20 December --Two United Nations policemen from Canada are driving along Route Nationale 1 near Cité Soleil when unidentified gunmen fire on their vehicle.  The driver, Mark Bourque, 57, is seriously wounded in the leg, and receives first aid from his colleague and an armoured MINUSTAH vehicle.  He is immediately taken to the MINUSTAH Argentine Military Hospital in Port-au-Prince, but dies at 11:07 a.m.

23 December -- Captain Yousef Al-Ghader, 31, of Jordan, is shot in the head when his armoured vehicle comes under attack in Cité Soleil.  The MINUSTAH peacekeeper is immediately transferred to a military hospital but does not survive his injuries.

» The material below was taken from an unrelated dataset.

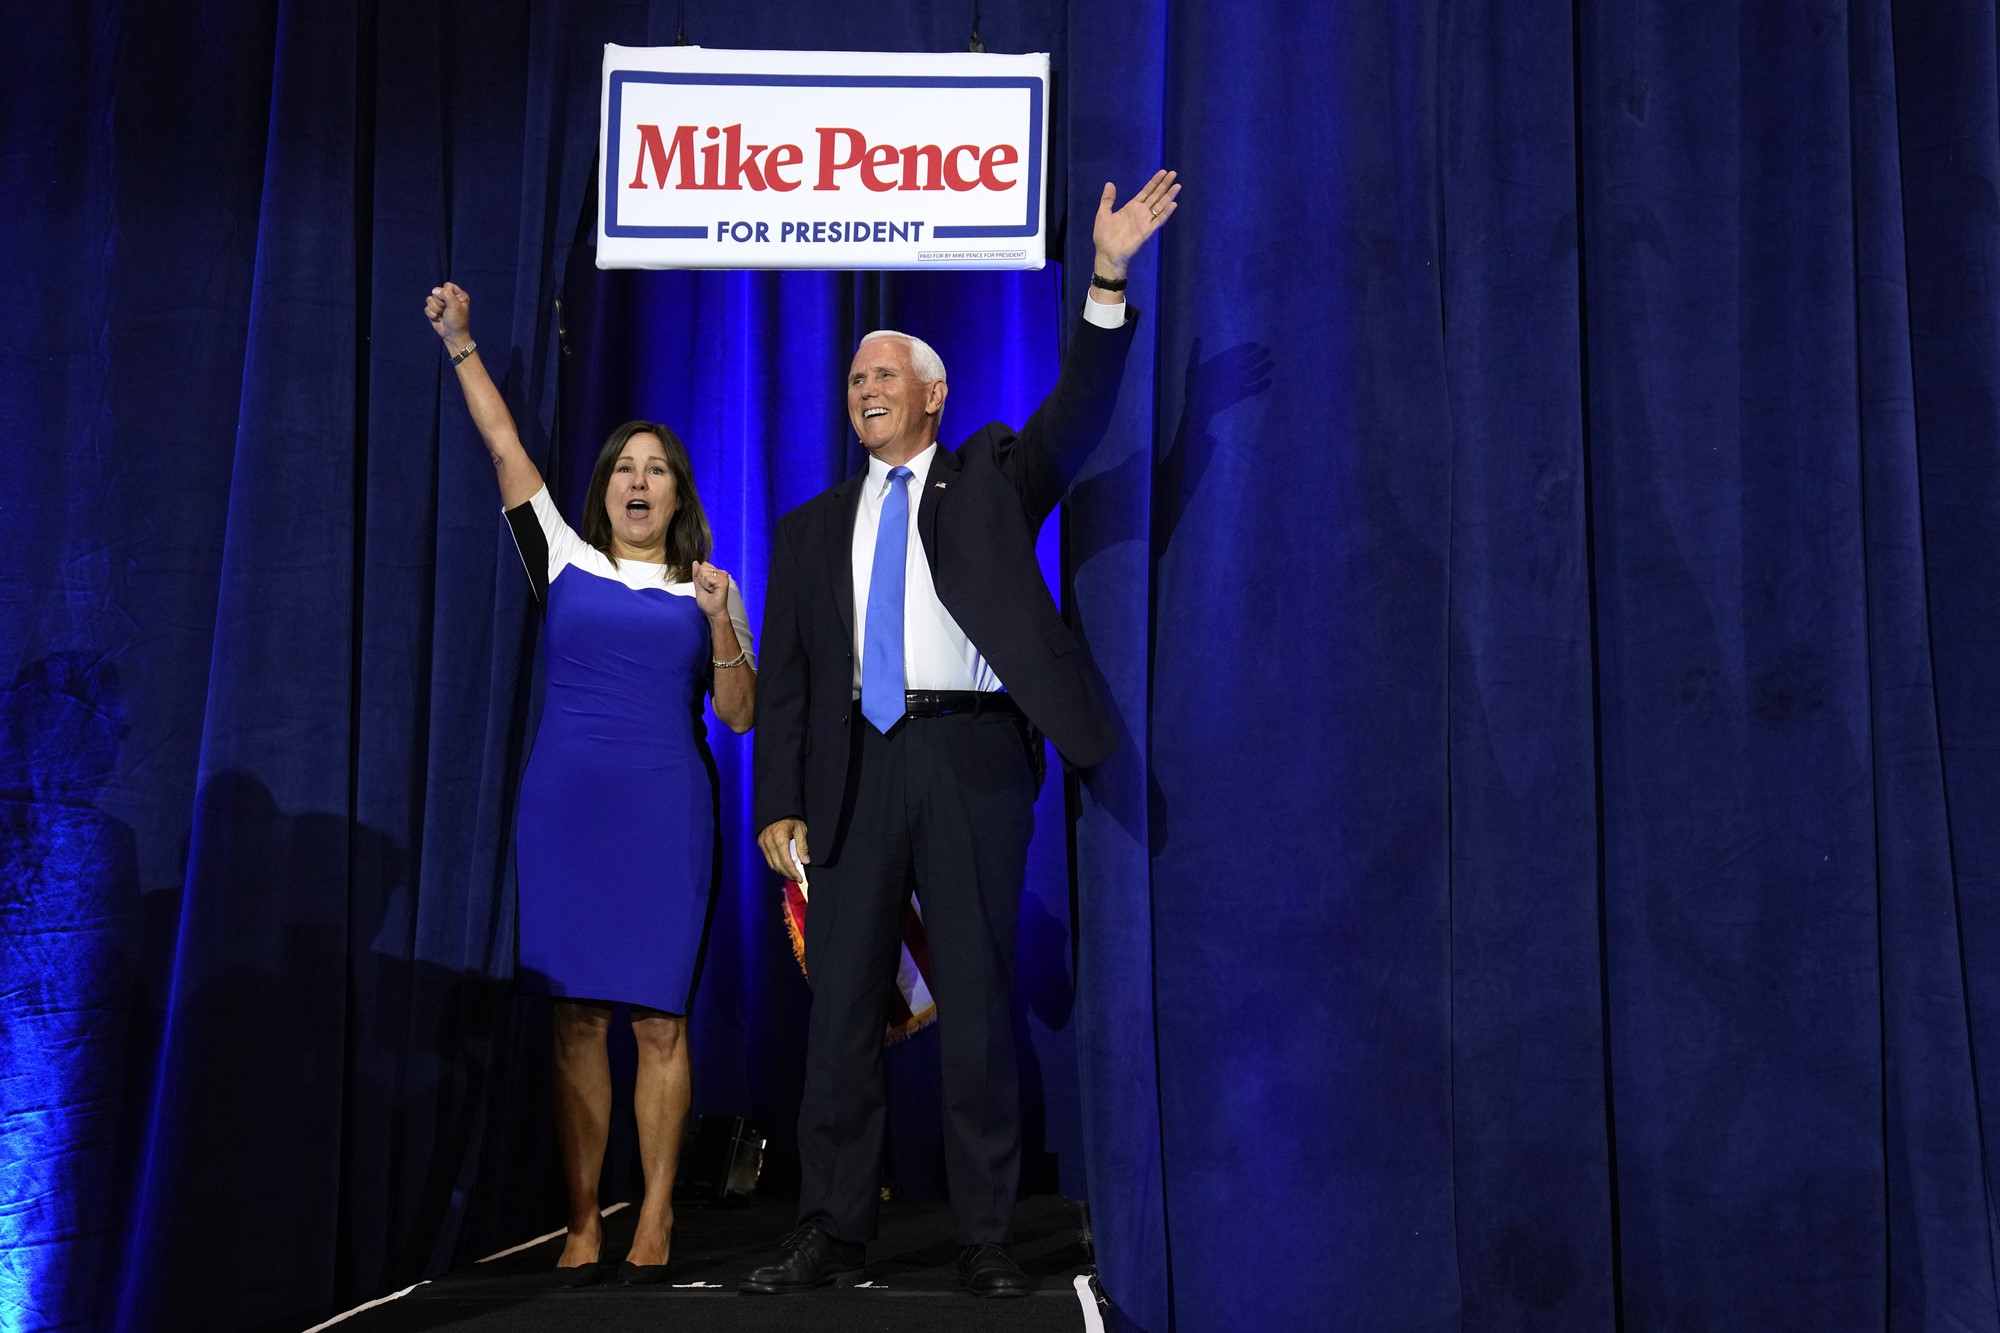 A white man stands in a suit wearing a blue tie, next to a woman in a blue dress with their hands in the air.

25 December -- Private Subedar Ram Kripal Singh, a MONUC peacekeeper from India, is killed in Mukungwe, North Kivu province, Democratic Republic of the Congo, as Congolese troops take back nine localities in the troubled eastern region of the country.  The peacekeeper dies as some 4,000 armed forces troops, supported by about 1,000 MONUC forces, are conducting operations against armed rebel groups.  Four other Indian peacekeepers are wounded.

In addition, 15 other peacekeepers were injured in Haiti during 2005, and five civilian staff were kidnapped and then released in the Gaza Strip in two separate incidents on 29 July and 8 August.